The land-use change model integrates two submodels: Spatial four-state Markov model and Land-use dynamics. This is created by considering the transition of land use types under the influence of Markovian and Spatial drivers. This model predicts how urbanization changes over time and demonstrates the effects of altering the extent of vegetation in the watershed. The transition probabilities are calculated based on historical land use change data information from MassGIS. The land use types are reclassified into four major categories; the proportional areas are calculated for each of the category and then the probabilities for each possible changes are derived (Table 7).
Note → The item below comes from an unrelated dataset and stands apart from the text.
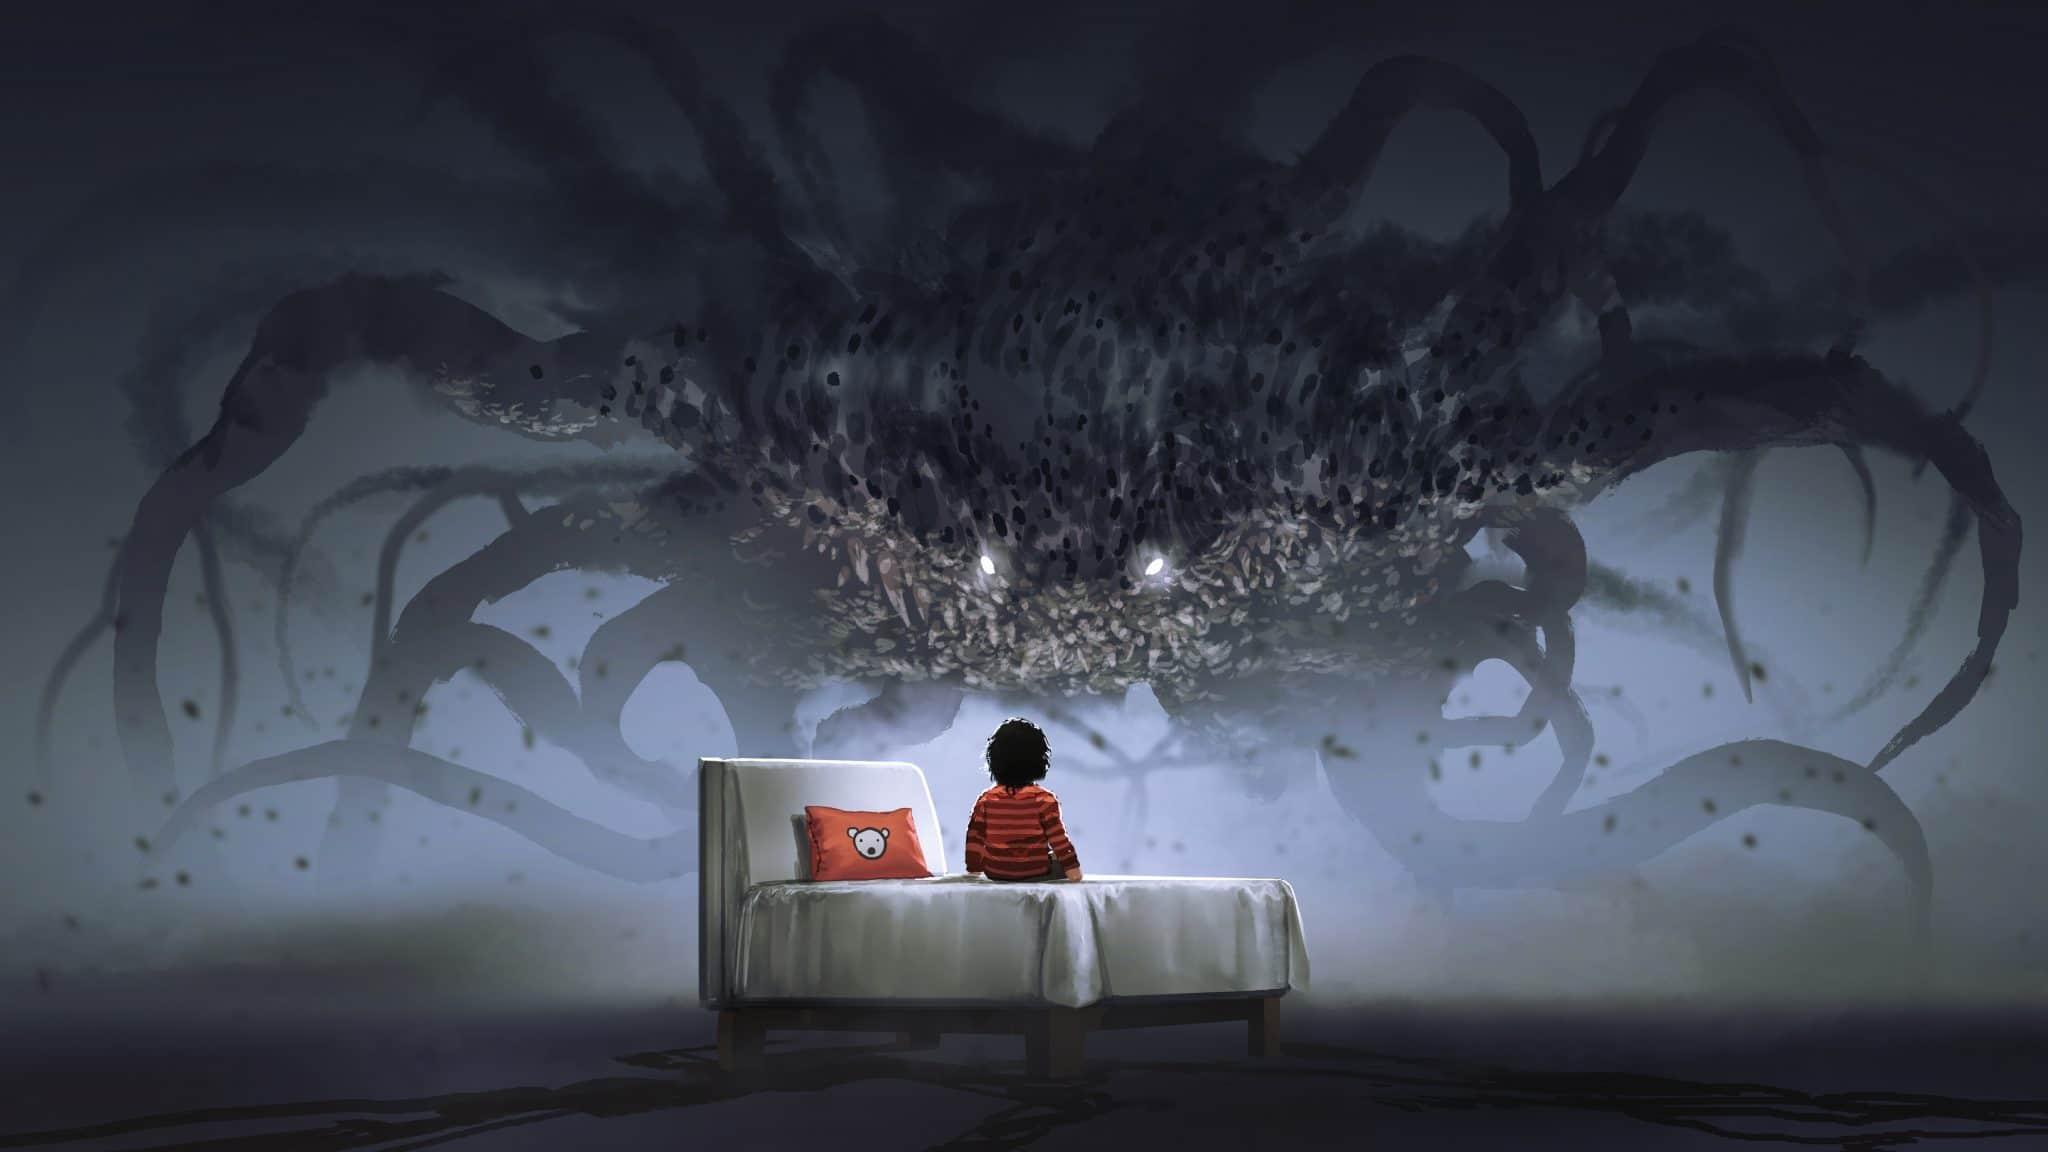 Traumdeutung Alptraum

The transition probabilities from 1971 to 1999 are used in the model. The model uses 3,025 cells using different land use coefficients for four landuse types. Each cell has size of 100m x 100m. Subwatershed and matrix box boundaries as well as land use vector shape file are converted to a grid format with the cell size of 100 m. To indicate a subwatershed and modeling matrix boundaries, the ASCII file is created from grid where all cells that are within the subwatershed boundary have the value “1”, and the

rest - “0”. The DEM cell size is changed from 30 to 100 meters with spatial analyst tool and clipped to the subwatershed boundary. Aspect and aspect length are derived from the DEM (100 m). The resulting grids are exported to ASCII format and further used as comma delimited tables as the initial values in the model and for calculating of the required parameters for each of 3,025 cells. To explain the soil loss in different scenarios, the Revised Universal Soil Loss Equation (RUSLE, 1998) is used in the model. Modeling land use processes requires capturing the neighbor relationship between spatial patches: the model needs to know the land uses in neighboring patches in order to determine if a particular patch is likely to change from one land use type to another.

The model is illustrated as three types of objects (Patch, Land Transition, and Neighborhood).

1. PATCH

The Patch object is a fixed-membership, multiple-instance submodel, and represents each landuse patch with dimensions [55x55]. Each cell has row and column attributes, representing the spatial location of the patch.